Forensic discrimination of fiber microspectrophotometry data by resampling and repeating two-sample hypothesis testing

Abstract

Textile fibers are important forensic trace evidence in criminal investigations. Colored textile fibers are often analyzed using non-destructive microspectrophotometry. However, when the spectra of questioned and known samples are very similar, it is difficult to compare the spectra visually. Chemometric methods, such as principal component analysis and agglomerative hierarchical clustering, have been applied to microspectrophotometry data. In this study, we used two-sample hypothesis testing as a chemometric approach for discrimination of fiber samples without reducing or eliminating the dimensionality of the data. Cotton fibers dyed with vat dyes were analyzed by microspectrophotometry. We examined suitable data types and statistical methods for test fiber samples by resampling and repeating hypothesis testing. A combination of spectral data type and statistical method was identified that provided a good balance of type I (false exclusion) and type II (false inclusion) error rates in two-sample hypothesis testing of the fibers.The main advantage of our chemometric approach is that an appropriate method for samples can be selected by using the type I and II error rates.

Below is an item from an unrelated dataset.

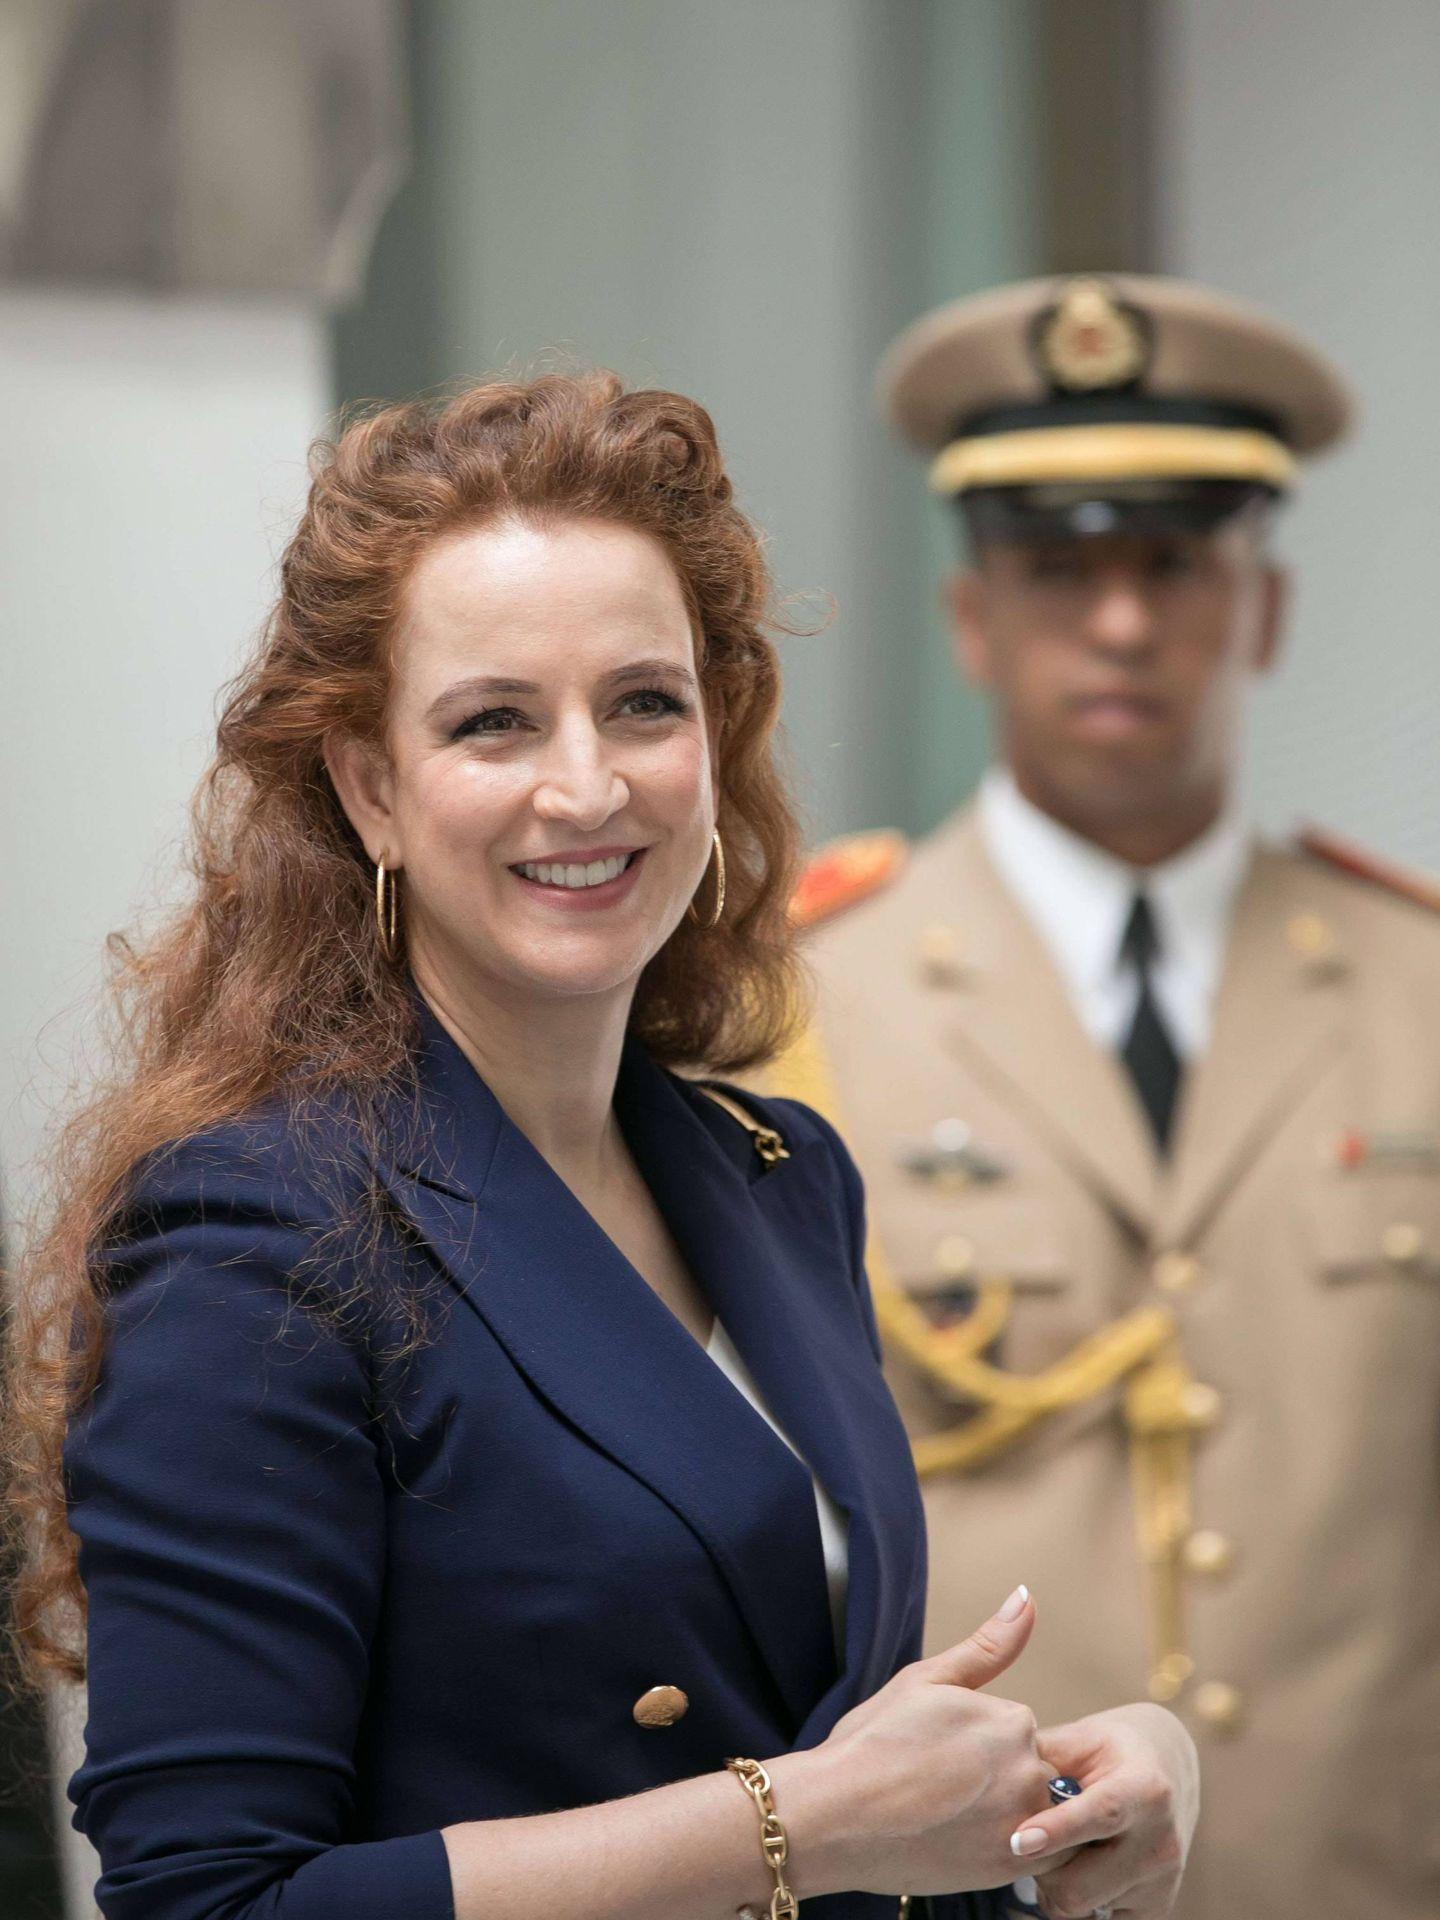 La princesa Lalla Salma, en un acto institucional. (Cordon Press)
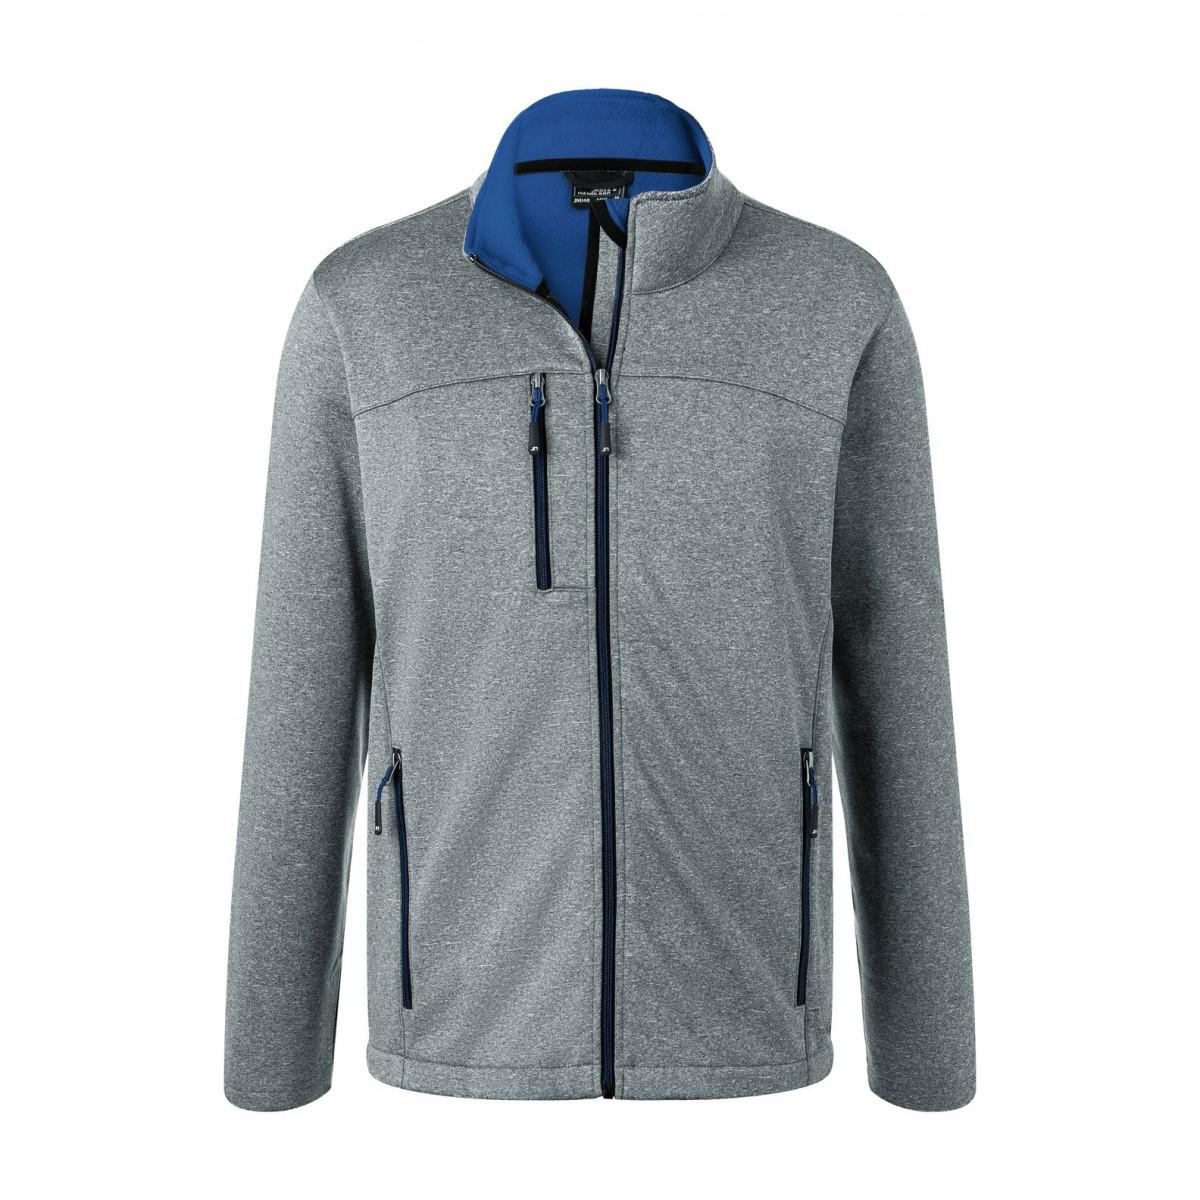 Куртка мужская JN1148 Mens Softshell Jacket - Темно-серый меланж/Ярко-синий

Furthermore, our method can use all the measured data for the calculation without reducing or eliminating the dimensionality of the data, so it is not necessary to reduce variables or smooth the spectrum. This statistical method also requires no training set. Therefore, two-sample hypothesis testing could be applied to fibers of different types, colors, or materials from those used in this study. Resampling and repeating two-sample hypothesis testing technique is promising as a new chemometric approach for comparing microspectrophotometry spectra.